What to do about daughter’s classmate? Outspoken racist parent

Anonymous
Anonymous wrote:
Anonymous wrote:
Anonymous wrote:Unless there’s something specific that’s happened to your daughter by this kid you should just invite her.


Op here. She didn’t do anything specific to my child. But last summer there was a birthday party for another kid, at which a little boy of Latin American descent was a guest. The girl in question told him that he needed to prove to everyone he’s American otherwise he didn’t belong at the party. They were all seven years old at the time. Seven. My daughter wasn’t at that party but apparently the little boy went home in tears and all the other parents were outraged.

I want my home to be a safe place for all kids. I don’t want any child to experience this kind of hatred and to invite her would feel like I’m just turning a blind eye to it.


I’d probably talk to the parents directly and let them know we’d like to invite their daughter, but if anything like the above is said, they will be asked to leave. Then leave it up to them if they want to come or not.

I feel so bad for that poor girl. She’s just parroting what her parents say and doesn’t realize the impact it will have on her life.


This could work. She almost certainly won’t be allowed to come, so problem solved.
Anonymous
I’ve only read the first page down and I am so disgusted by the posts here. Absolutely disgusted. Her father is basically a Nazi and you are inviting her to a party??? What the he’ll has happened to our country????

NO. People of decency ostracize Nazi families. We shun them. And 8 is old enough to understand that racism is (or should be) unequivocally socially shunned. If little Adolphia asks why she wasn’t invited, it’s absolutely acceptable for your daughter to say, “your father is a racist and our family does not associate with families who hold racist beliefs.” Period.
Anonymous
Anonymous wrote:
Anonymous wrote:“ I say invite her. The incident last summer was a perfect time to respond to her about why her comment was wrong. Kids say stupid things, especially if they have parents giving them bad examples. Apparently your daughter likes her, so invite her and help her learn better”

+1
The child was SEVEN people! 7! She is not irredeemable for one awful comment at 7 years old.




Yes. She said that at 7. Her parents have not changed in the last year, odds are very high, she hasn't changed.


You know who else who was SEVEN, the little boy she bullied and sent home in tears because of his race. I promise you he hasn't gotten over it because he was SEVEN and it was a year ago. He will never forget that.

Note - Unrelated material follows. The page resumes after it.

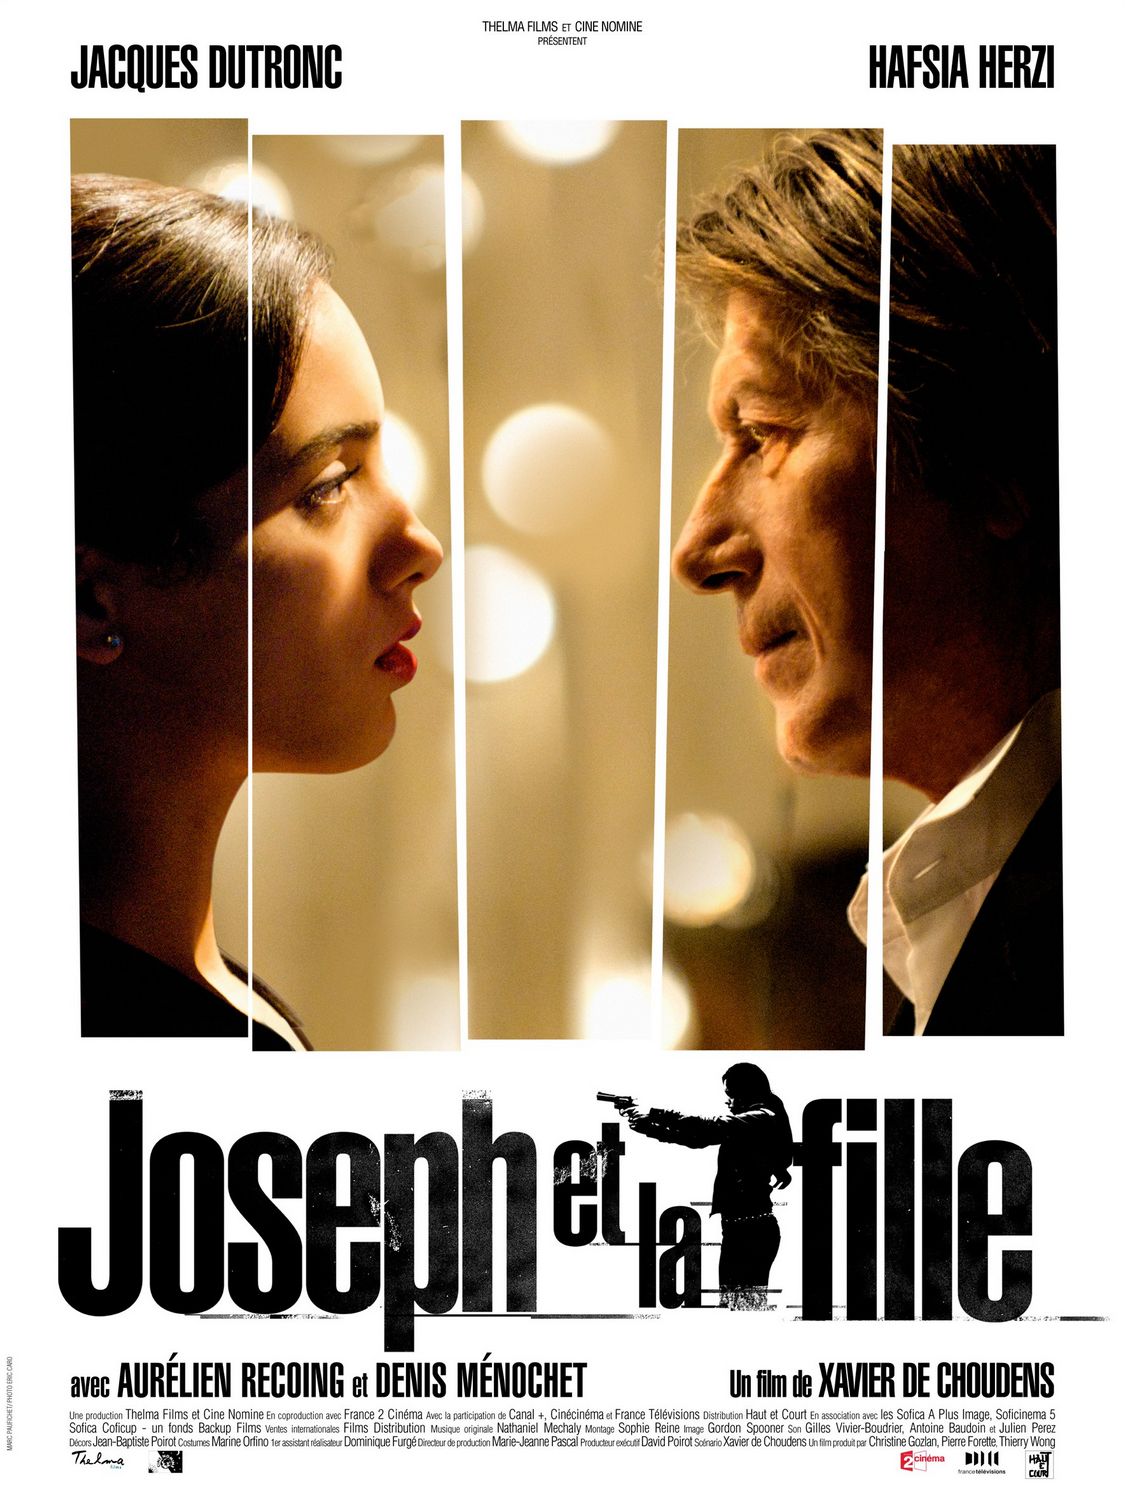 Extra Large Movie Poster Image for Joseph et la fille 
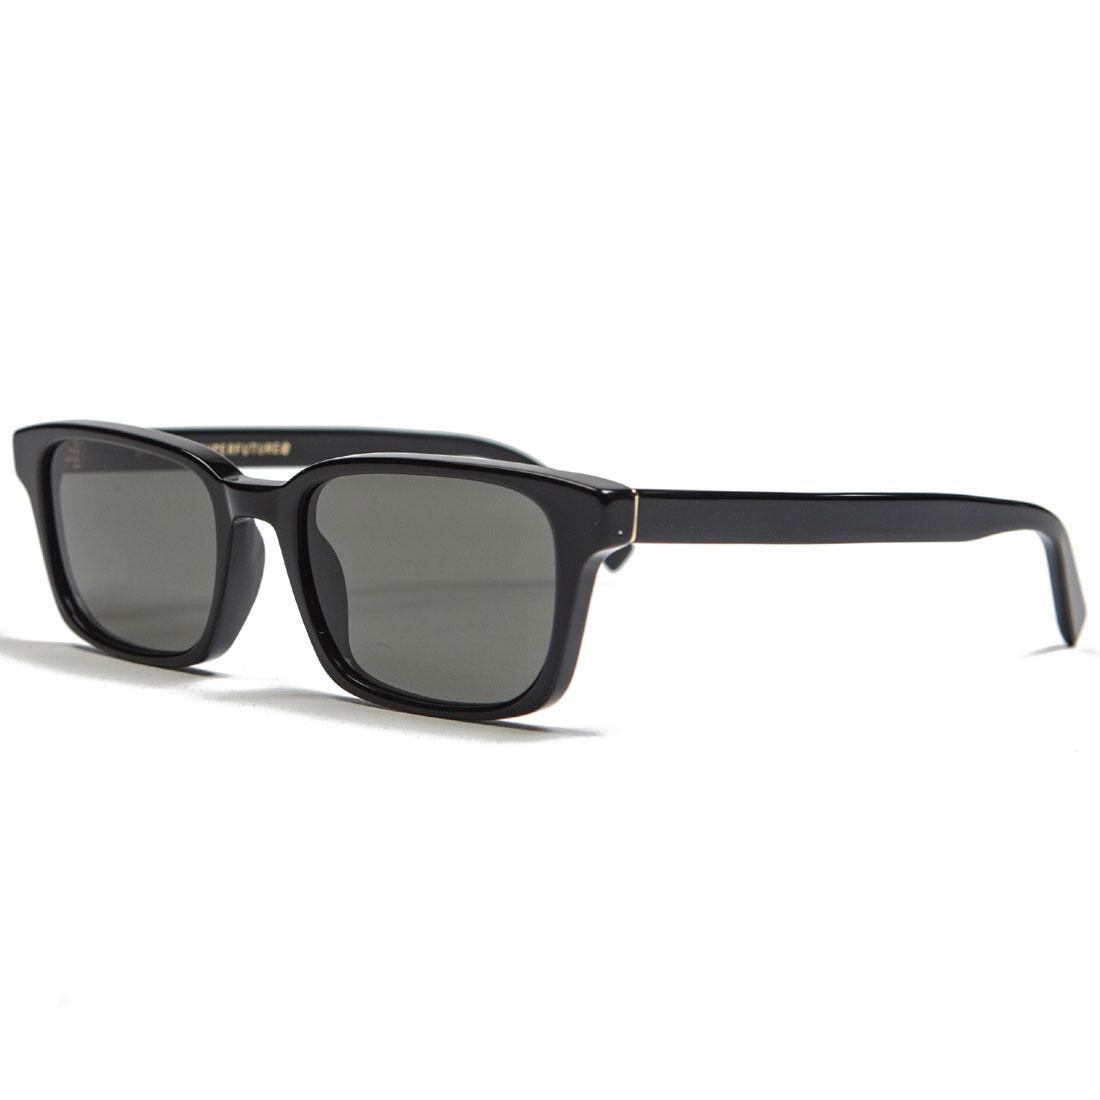 Super Sunglasses Regola Sunglasses (black)

Exactly. My kid is 7. He would never have said something this cruel at 5 or 6 and certainly not at 7. I would never, ever invite this child or include her in anything. It’s not just that her father is a racist pig who deserves shunning. She is out there hurting people, too. I absolutely would not include her and if I was another parent who knows of this situation and knew you invited this child to a party, my child would not associate with your family, either. I would assume you condone or excuse her behavior.

How has it come acceptable to allow cretins like this to have any kind of social acceptance???! Absolutely not.
Anonymous
Anonymous wrote:Wow, this is the kind of stuff people did in Nazi Germany.
Their daughters were friends with the little Jewish girls until they weren't. Then the Jewish girls were excluded from the birthday parties.

Sure exclude the Jews, Muslims, Christians, Yazidis, and Republicans and Democrats.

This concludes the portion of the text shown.